What's of First Importance?
It’s not easy being mildly unhappy in one’s church. You wonder if it’s just you, and not the church. You wonder if you’re not making mountains out of doctrinal mole hills. After all, the people are wonderful, all your friends are there, etc. But the preaching and the worship leave you feeling singularly unsatisfied. What do you do? Oh, people say you should talk to somebody about it, anybody, except that it’s been clear whenever you’ve tried that negative opinions of this kind are looked upon as bad form, and possibly downright snarky. The subject is always quickly changed.
Okay, so maybe I am being snarky. The thing is, I’d just kind of like a Gospel message now and then.

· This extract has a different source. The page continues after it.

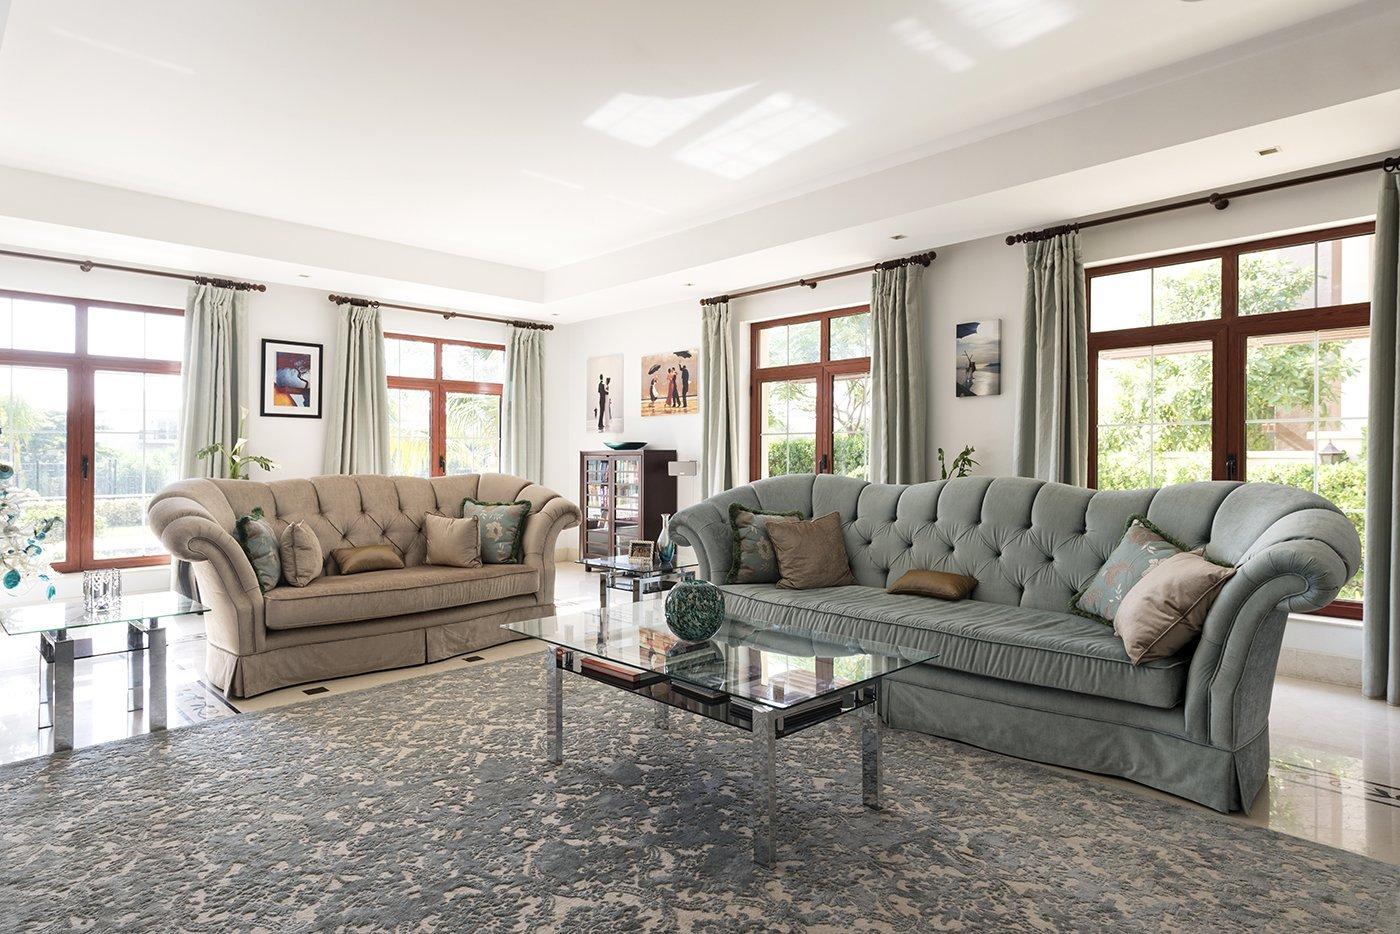 residential interior photography dubai interior photographer

Remember what Paul wrote to the Corinthians, something about something being, umm, of first importance. Oh yeah, the Gospel. Christ crucified for our sins. That whole deal. But I go to a church where people routinely say that other things, such as marriage, or community, or the young people, are the foundation of our church. Never the Gospel. Never the cross.
Oh well, maybe they’re just being, you know, sloppy with words. On the other hand, what ever happened to the wooden cross that had stood in the corner of the sanctuary for years. Oh sure, it wasn’t exactly given a place of honor, which should have been a warning to me, but then it disappeared altogether. And no one seems to miss it. When asked about it, the pastor said, that’s just not the kind of church we are. Uh oh. Red flag city!
Then again, what ever happened to the preaching of the Gospel? Can somebody tell me? Is it just one of those items in a creedal statement that nobody reads . . . too "doctrinal," don’t you know?
I’ve been going through a period of personal re-assessment lately, (perhaps it has something to do with my impending fiftieth birthday), but I’m tired of settling for preaching that would be right at home on the Oprah show (well, almost). I’m tired of trading ancient wisdom for the fleeting will-o-the-wisp called "relevance," of shallow hip-ness and glib self-congratulatory church booster-ism and music that is fervent about nothing more than our own fervor (instead of being fervent about the singular value of Christ and his cross).
And I hate taking this tone. I never expected a perfect church, but as I approach my fiftieth birthday I begin to wonder how many more social-club Sundays I must endure. I’m not looking for a perfect church, but one that puts first things first. Is that too much to expect?